I was working on something today and came up with what I think is a simple solution. It is similar to jsbueno's answer, but I believe his would yield empty groups when the length of iterable is divisible by n. My answer does a simple check when the iterable is exhausted.

def chunk(iterable, chunk_size):
    """Generate sequences of `chunk_size` elements from `iterable`."""
    iterable = iter(iterable)
    while True:
        chunk = []
        try:
            for _ in range(chunk_size):
                chunk.append(iterable.next())
            yield chunk
        except StopIteration:
            if chunk:
                yield chunk
            break

@Marcin 2012-01-24 19:31:46

A succinct implementation is:

chunker = lambda iterable, n: (ifilterfalse(lambda x: x == (), chunk) for chunk in (izip_longest(*[iter(iterable)]*n, fillvalue=())))

This works because [iter(iterable)]*n is a list containing the same iterator n times; zipping over that takes one item from each iterator in the list, which is the same iterator, with the result that each zip-element contains a group of n items.

izip_longest is needed to fully consume the underlying iterable, rather than iteration stopping when the first exhausted iterator is reached, which chops off any remainder from iterable. This results in the need to filter out the fill-value. A slightly more robust implementation would therefore be:

def chunker(iterable, n):
    class Filler(object): pass
    return (ifilterfalse(lambda x: x is Filler, chunk) for chunk in (izip_longest(*[iter(iterable)]*n, fillvalue=Filler)))

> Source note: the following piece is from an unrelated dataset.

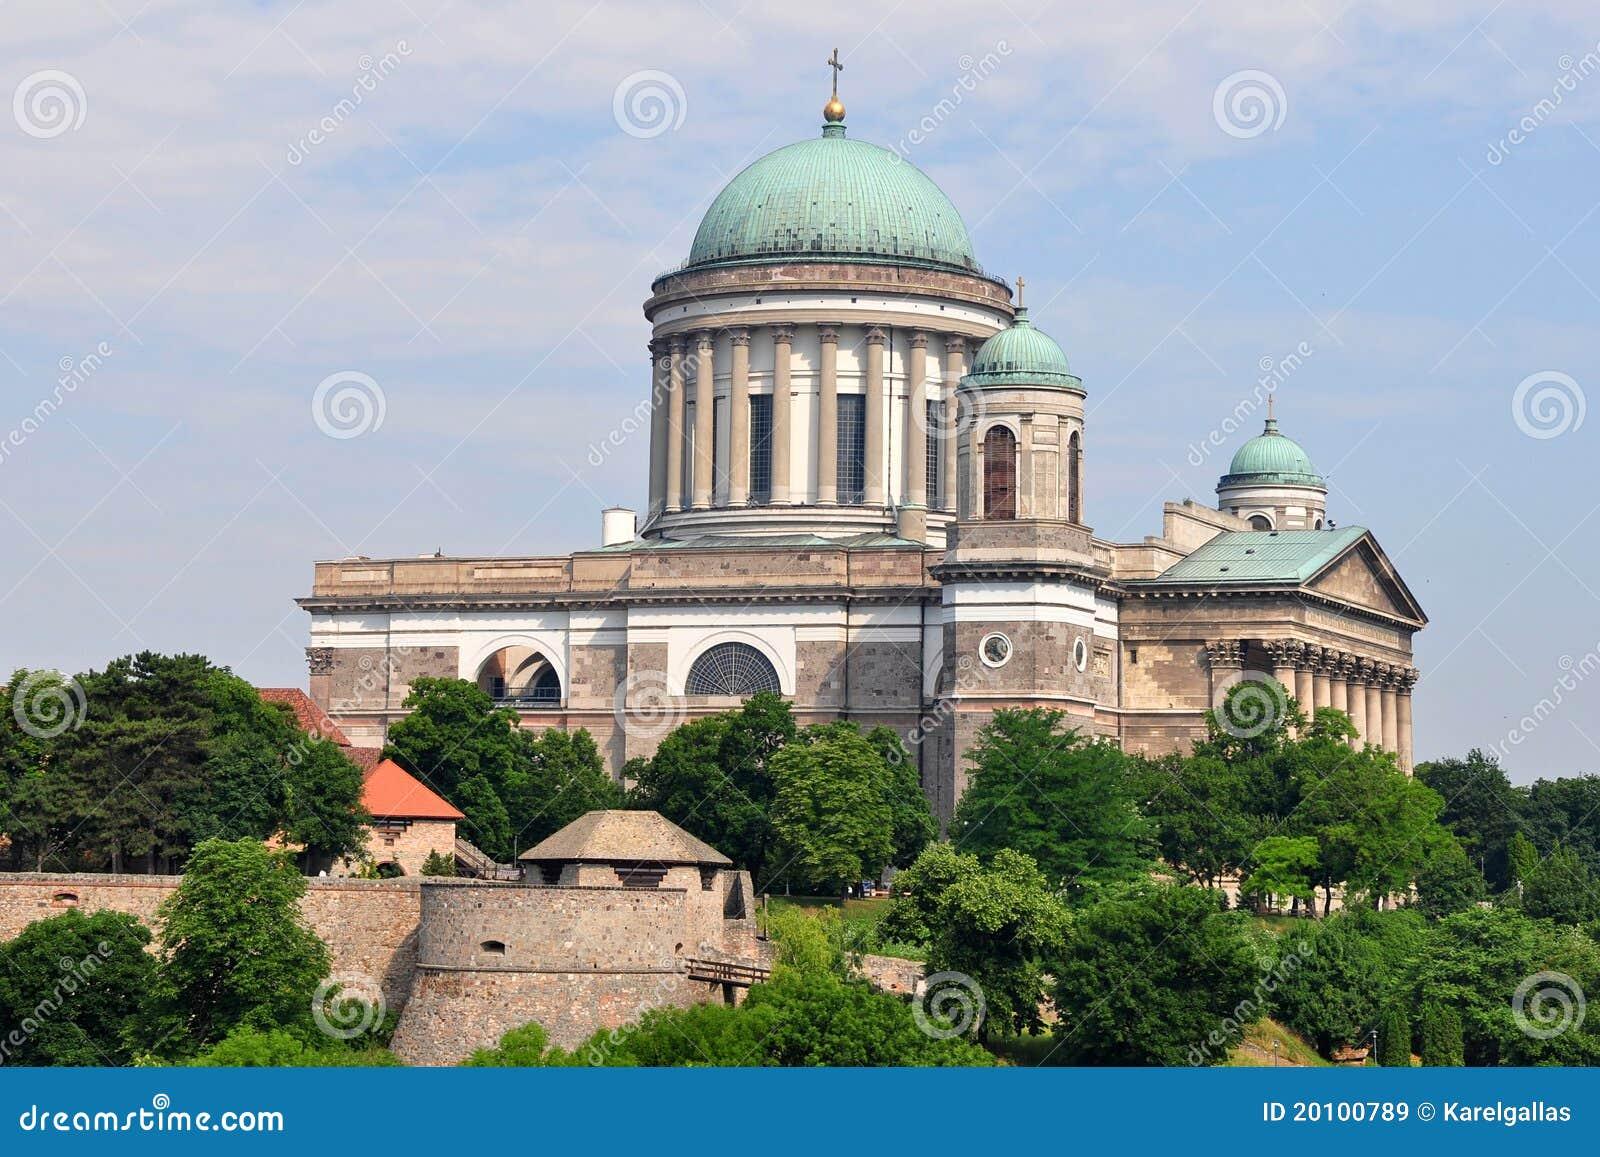 Esztergom Hungary  city images : Basilica Esztergom ,Hungary Royalty Free Stock Images Image ...
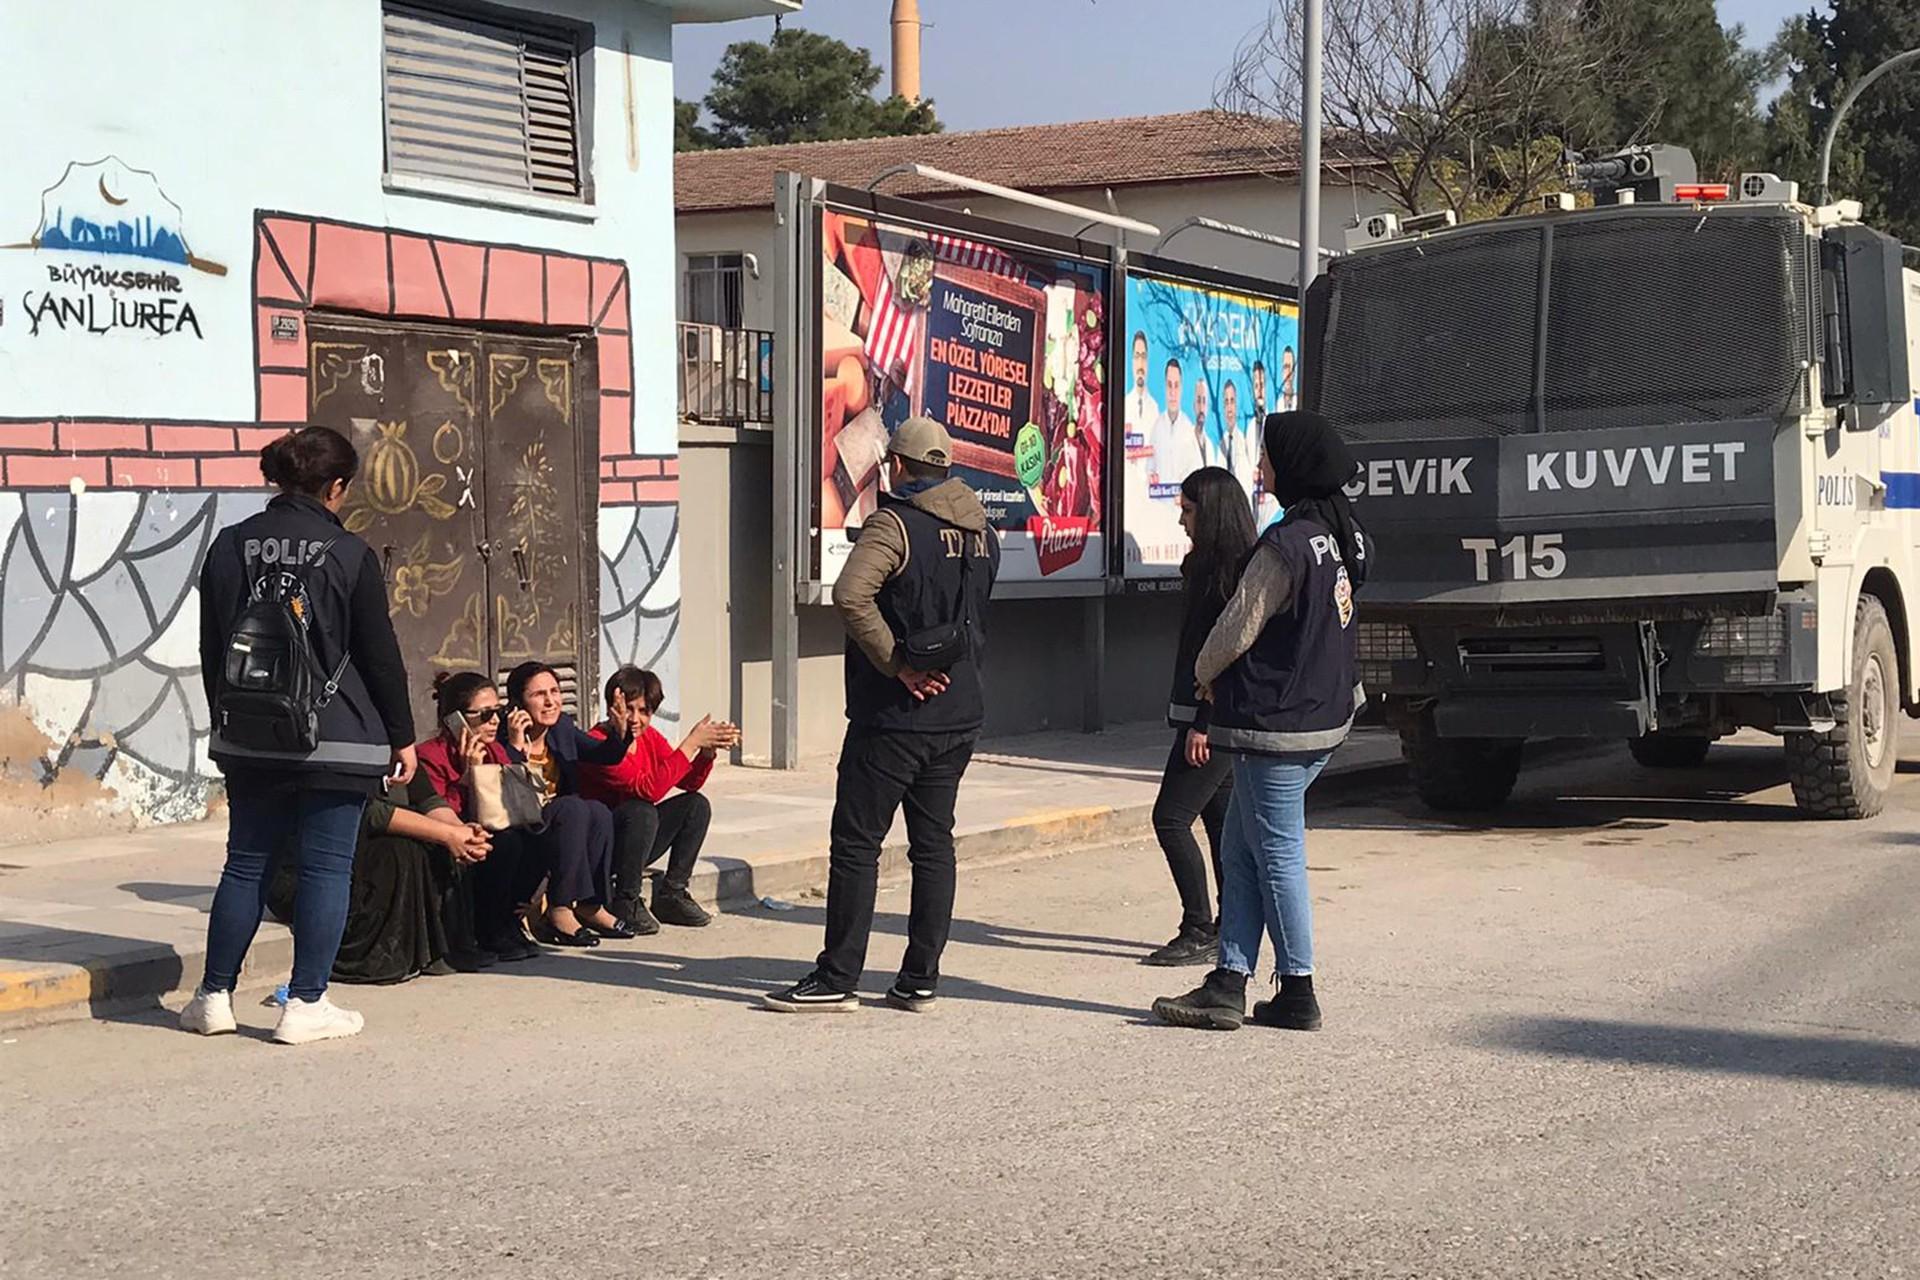 HDP'li Ayşe Sürücü ve beraberindeki partililer polis ablukasında Suruç Belediyesi karşısında oturma eylemi yapıyor

This guarantees that the fill value is never an item in the underlying iterable. Using the definition above:

iterable = range(1,11)

map(tuple,chunker(iterable, 3))
[(1, 2, 3), (4, 5, 6), (7, 8, 9), (10,)]

map(tuple,chunker(iterable, 2))
[(1, 2), (3, 4), (5, 6), (7, 8), (9, 10)]

map(tuple,chunker(iterable, 4))
[(1, 2, 3, 4), (5, 6, 7, 8), (9, 10)]

This implementation almost does what you want, but it has issues:

def chunks(it, step):
  start = 0
  while True:
    end = start+step
    yield islice(it, start, end)
    start = end

(The difference is that because islice does not raise StopIteration or anything else on calls that go beyond the end of it this will yield forever; there is also the slightly tricky issue that the islice results must be consumed before this generator is iterated).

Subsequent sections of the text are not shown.